Nasa's Curiosity rover has sent back some holiday pics from Mars

The planet’s layered geologic past is shown in new color images returned by the unmanned rover, which is exploring lower Mount Sharp.

NASA HAS RELEASED new images of rock formations shot by their Curiosity rover, which is currently traversing the Red Planet.

The layered geological past of Mars is laid bare in the new colour images returned by the unmanned rover, which is currently exploring the ‘Murray Buttes’ region of lower Mount Sharp.

Curiosity took the images with its Mast Camera two days ago.

“Curiosity’s science team has been just thrilled to go on this road trip through a bit of the American desert Southwest on Mars,” said Curiosity project scientist Ashwin Vasavada, of NASA’s Jet Propulsion Laboratory, Pasadena, California.

The Martian buttes and mesas rising above the surface are eroded remnants of ancient sandstone that originated when winds deposited sand after the formation of lower Mount Sharp.

Mars 2 A sloping hillside within the 'Murray Buttes' region on lower Mount Sharp. The rim of Gale Crater, where the rover has been active since landing in 2012, is visible in the distance, through the dusty haze. Nasa Nasa


Vasavada added:

Studying these buttes up close has given us a better understanding of ancient sand dunes that formed and were buried, chemically changed by groundwater, exhumed and eroded to form the landscape that we see today.

The new images represent Curiosity’s last stop in the Murray Buttes, where the rover has been driving for just over a month.

Drilling campaign

As of this week, Curiosity has exited these buttes toward the south, driving up to the base of the final butte on its way out. In this location, the rover began its latest drilling campaign on 9 Sept.

Mars 4 A hillside outcrop with layered rocks within the 'Murray Buttes' region on lower Mount Sharp, Mars. Nasa Nasa

After this drilling is completed, Curiosity will continue farther south and higher up Mount Sharp, leaving behind these spectacular formations.

Ancient lakes

Curiosity landed near Mount Sharp in 2012.

It reached the base of the mountain in 2014 after successfully finding evidence on the surrounding plains that ancient Martian lakes offered conditions that would have been favorable for microbes if Mars has ever hosted life.

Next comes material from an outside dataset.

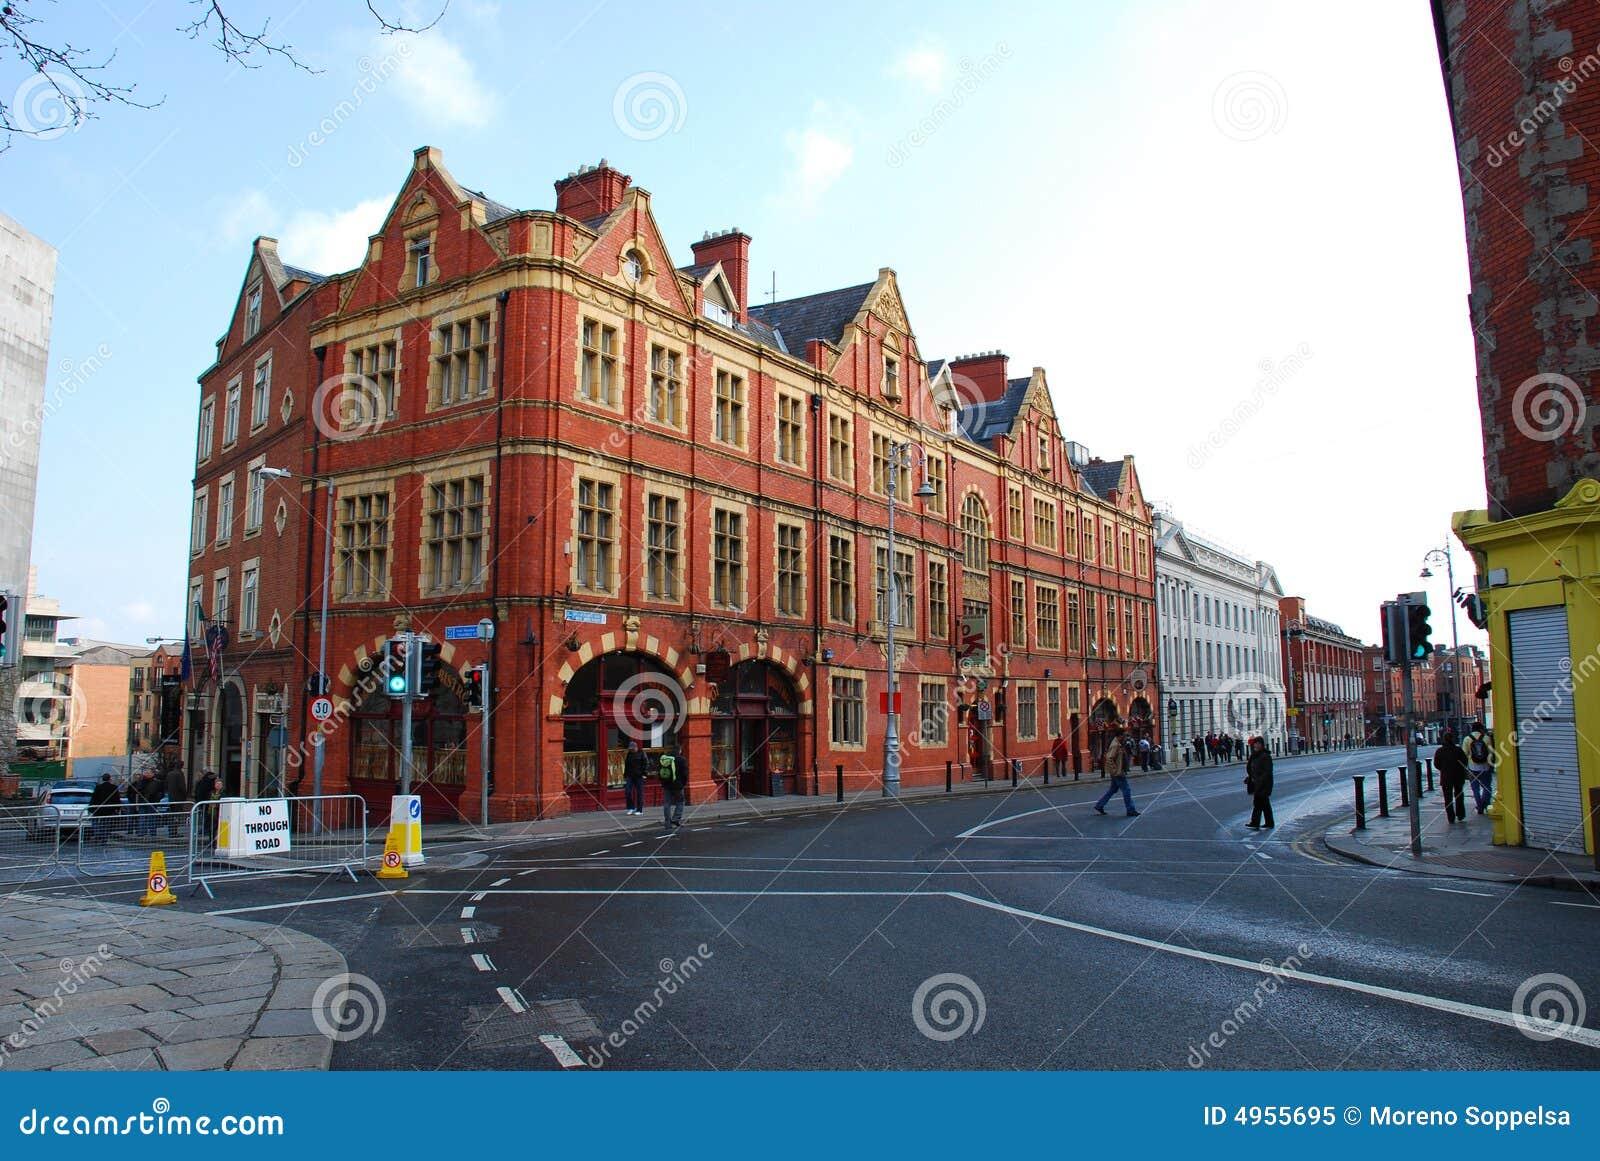 Calle de Dublín

Mars 3 Sloping buttes and layered outcrops on lower Mount Sharp. The buttes and mesas rising above the surface are eroded remnants of ancient sandstone that originated when winds deposited sand after lower Mount Sharp had formed. The layer is called the 'Stimson formation'. The layering within the sandstone is called cross-bedding, indicating that the sandstone was deposited by wind as migrating sand dunes. Nasa Nasa

Rock layers forming the base of Mount Sharp accumulated as sediment within ancient lakes billions of years ago.

On Mount Sharp, Curiosity is investigating how and when the habitable ancient conditions known from the mission’s earlier findings evolved into conditions drier and less favourable for life.